Dice Huston en su autobiografía (An Open Book), recordando cuando fue a recibir el Oscar honorario que le dieron a su amigo a inicios de los 70: “me chocó que aunque le estuvieran rindiendo un homenaje, ningún estudio le ofreciera dirigir una película. Quizá se abstenían por miedo. La gente le tiene miedo a Orson. La gente que no tiene su vigor, su fuerza, y su talento. Estando cerca de él, todas las insuficiencias de ellos se hacían patentes con demasiada celeridad. Tienen miedo de sentirse abrumados”. Welles abruma aun hoy, como un espíritu vuelto de la tumba gracias a ese cine que amaba demasiado.
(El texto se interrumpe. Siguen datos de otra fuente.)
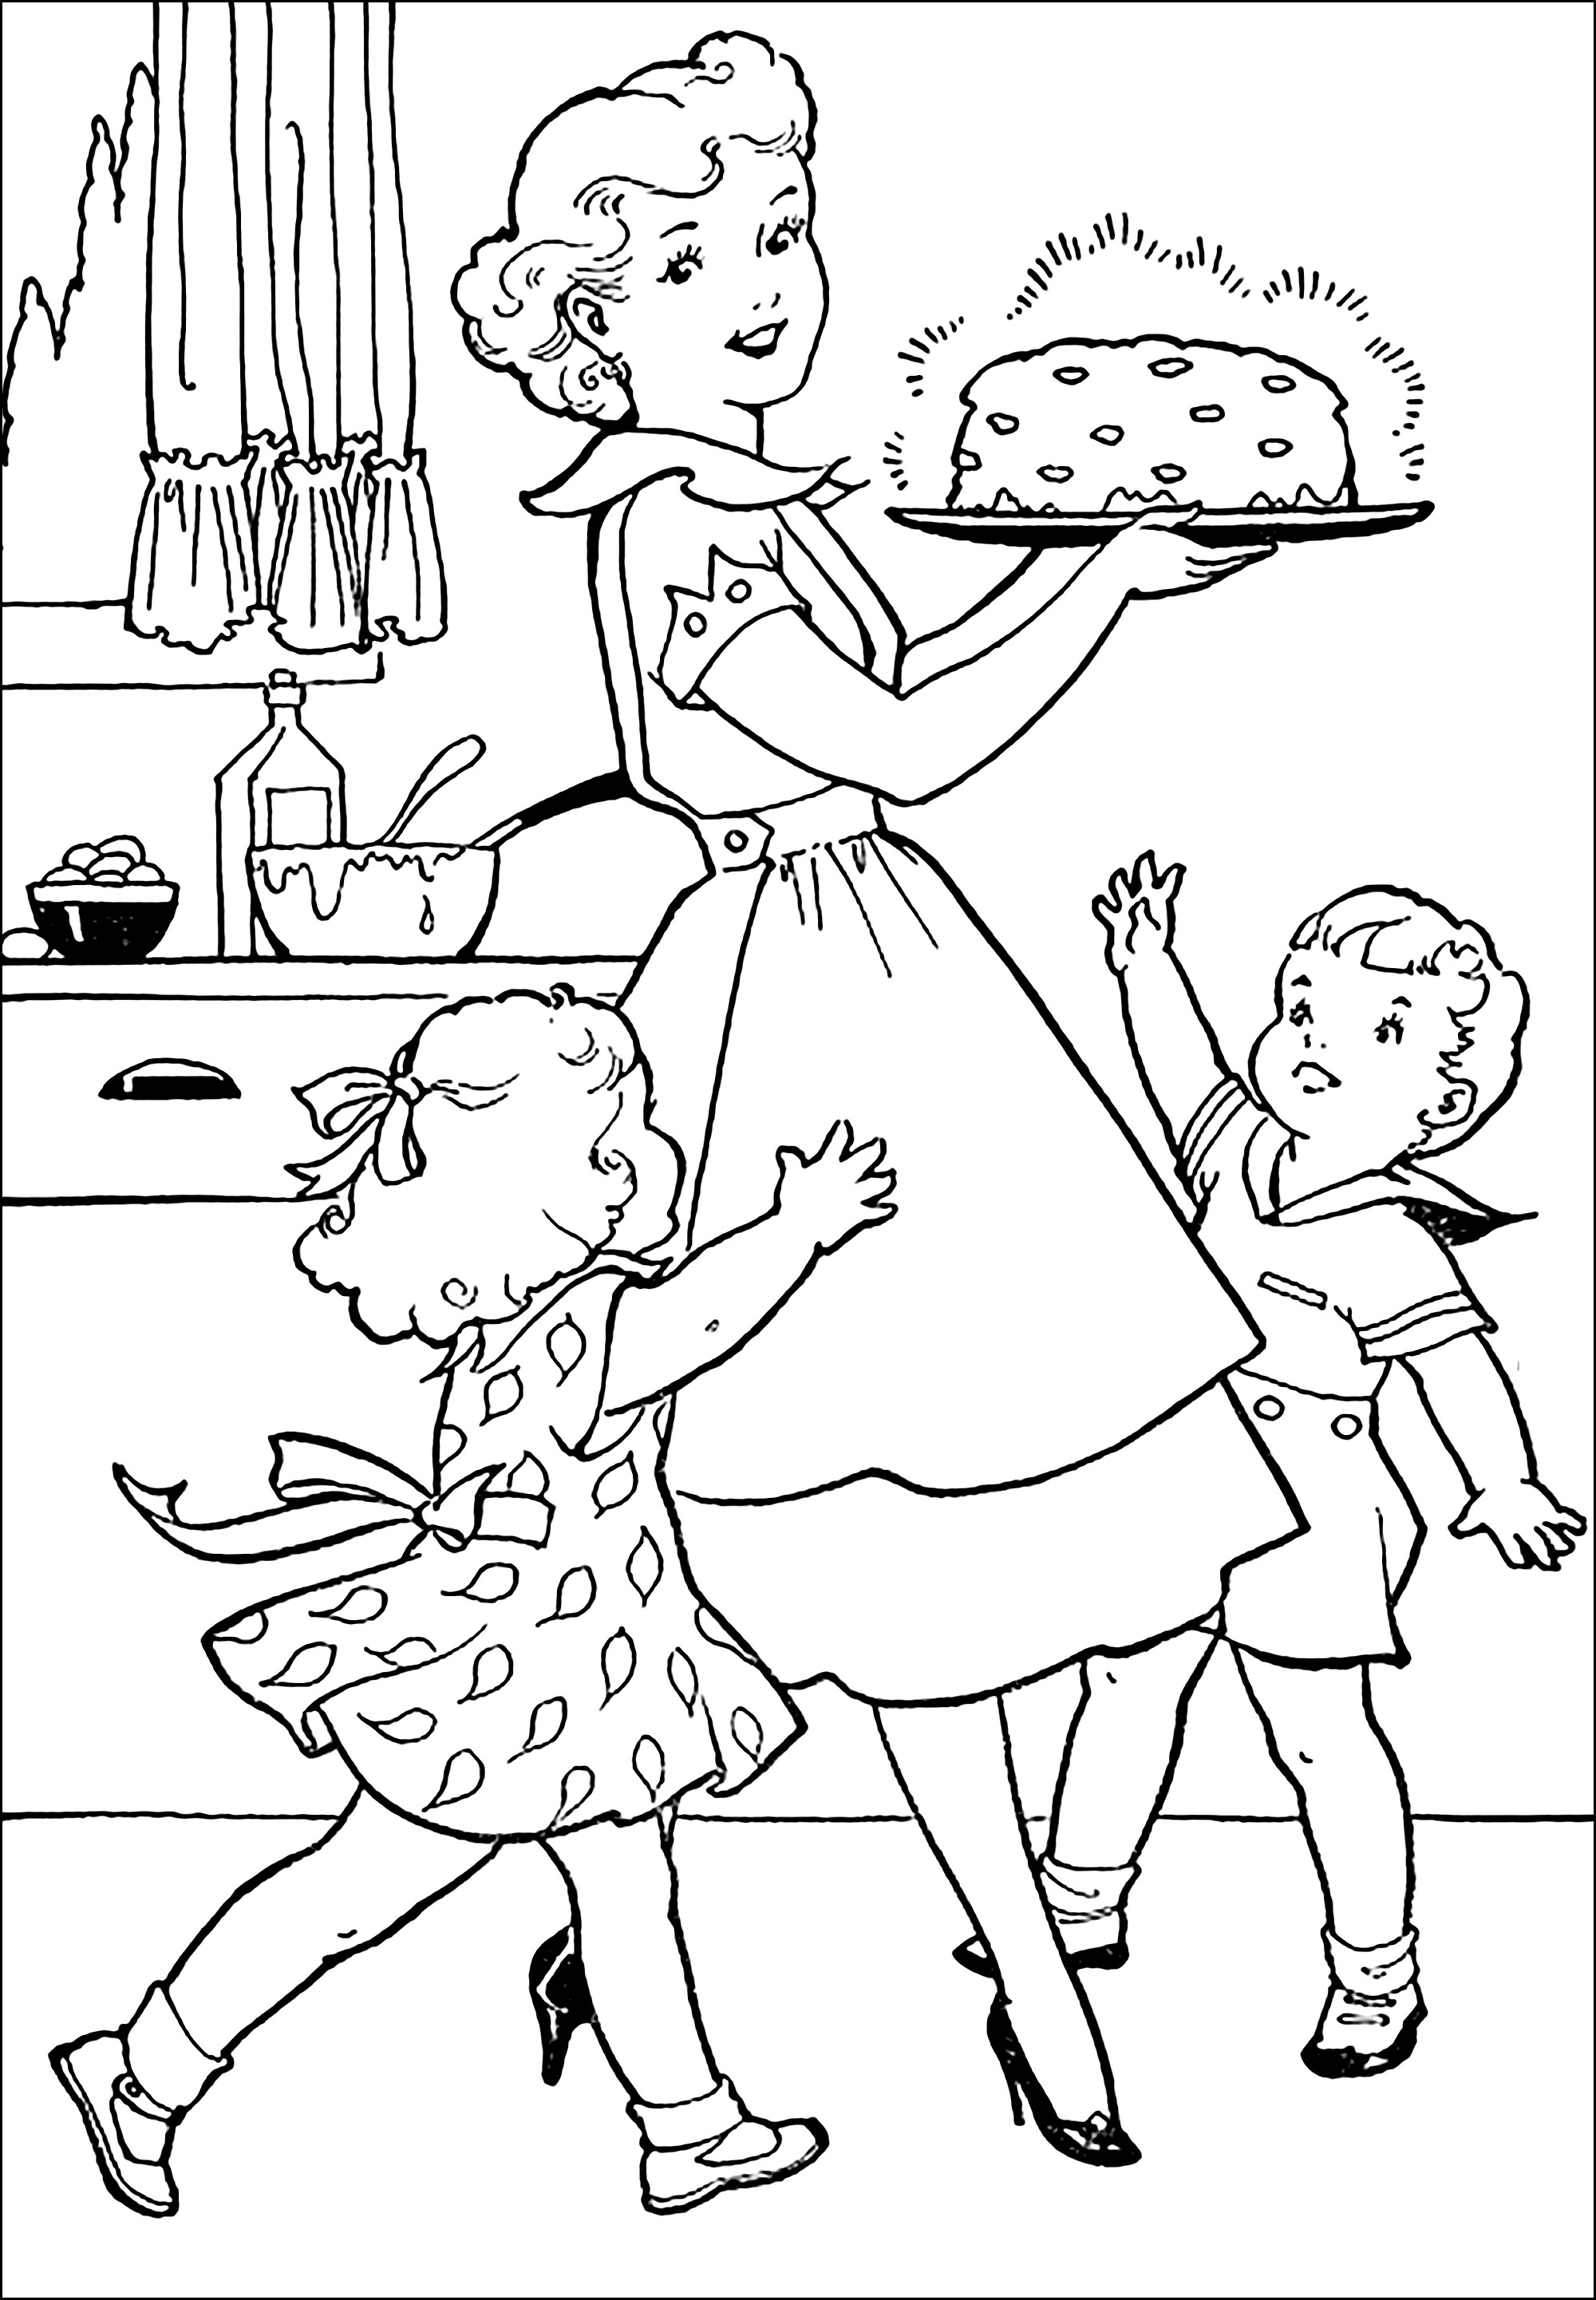 Colorido de los años 50 de una madre preparando una tarta para sus hijos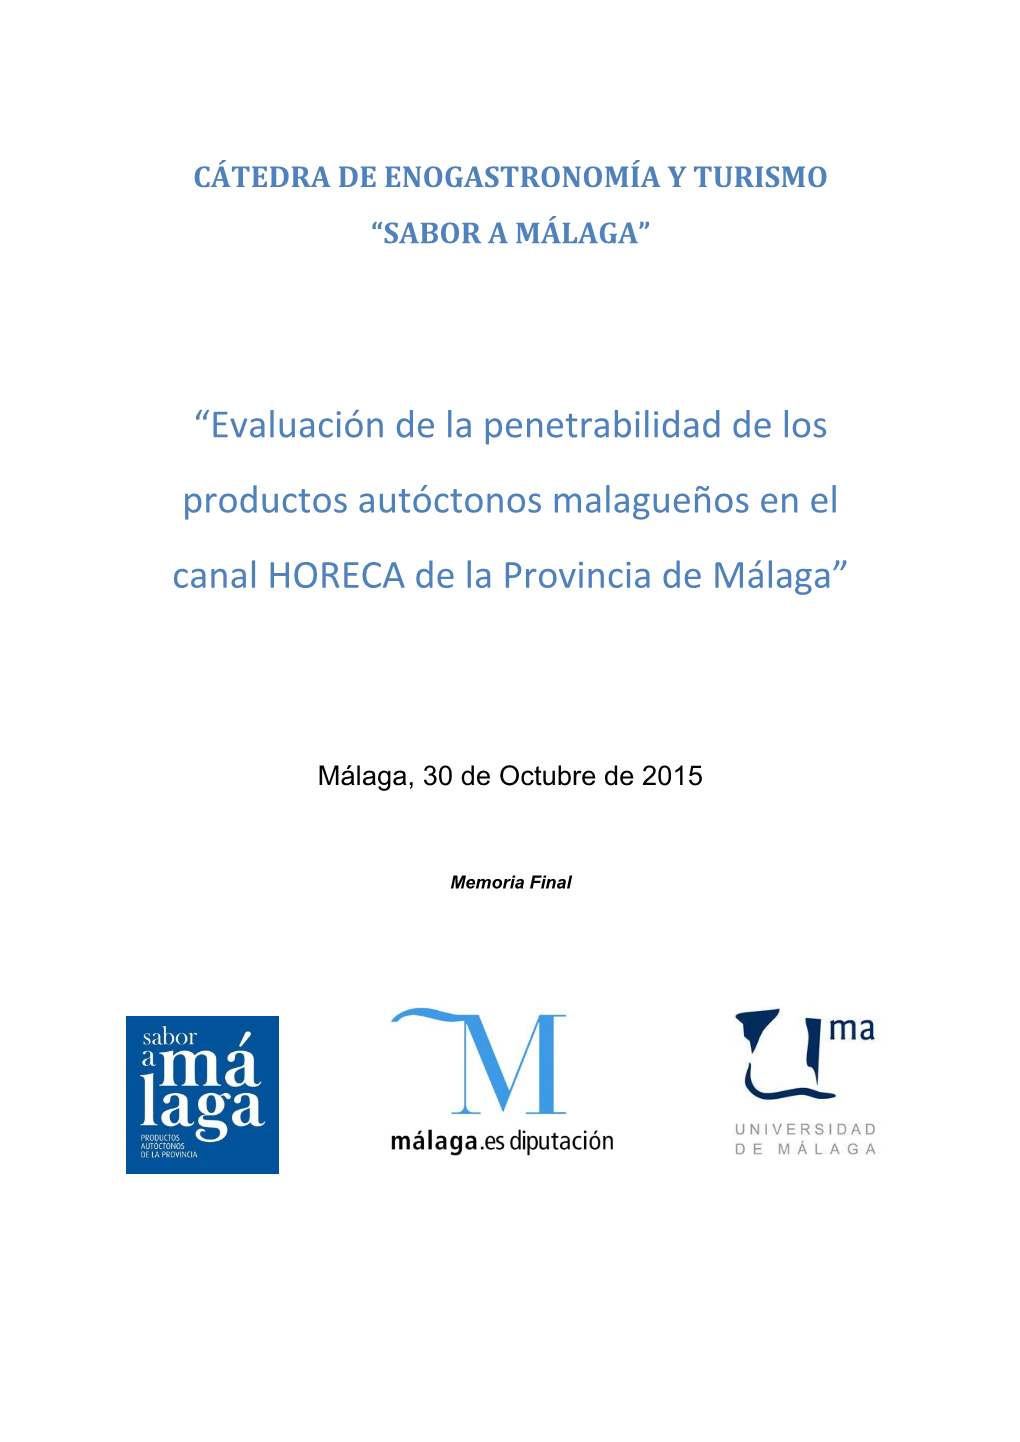 Evaluación De La Penetrabilidad De Los Productos Autóctonos Malagueños En El Canal HORECA De La Provincia De Málaga”

No hay contemplaciones de ningún tipo en The Other Side of the Wind: todo el film es un acelerado ajuste de cuentas, acaso menos salvaje que si él mismo lo hubiera concluido. El esmerado montaje de Bob Murawski (ganador del Oscar por The Hurt Locker) parece querer seguirle el paso a las escenas que Welles llegó a editar, pero (además de algunas decisiones discutibles, empezando por alterar aquí y allá el montaje que el propio Welles había podido realizar) da la impresión de estar siempre por debajo de la potencialidad del material. Hay algo de “normalización” en el trabajo de reconstrucción de la película, como esos restauradores que se empeñan en darle a la obra la respetabilidad de su propio tiempo. Queda la esperanza de poder ver las “escenas eliminadas”, y (más lejana aun) la posibilidad de que alguien alguna vez intente una versión menos conservadora (por momentos el film parece la venganza del personaje –y no tanto– de Bodganovich, entregado a su propio lamento y ajuste de cuentas).

La gran pregunta no es solo qué hubiera hecho Welles, sino que estaría haciendo hoy, con el mundo digital a sus pies. Podemos perfectamente imaginarlo maravillado ante la posibilidad de ya no tener que arrastrar una moviola en su equipaje, filmando por todas partes con un IPhone, y pensando la forma de utilizar las plataformas digitales. Que su film haya sido lanzado por Netflix es menos una ironía del destino que la constatación de lo bien que le sentarían los formatos nuevos que gustaba de investigar, aunque desde los márgenes no podamos sino lamentar –cinefilia mortuoria al fin– no poder ver su despedida en pantalla grande.

The Other Side of the Wind transmite implacablemente, dentro y fuera de la pantalla, la gran lección de Welles: hay que filmar como sea, sin excusas, hasta el fondo y el final, más allá de todo y todos. Como sus personajes, Welles murió en su ley: sobre su máquina de escribir, mientras trabajaba en otro de sus proyectos irrealizados. Nos gustaría creer que los dejó así para que seguir apareciendo ante nosotros cada tanto, con su capa y su habano, como un alegre fantasma del porvernir.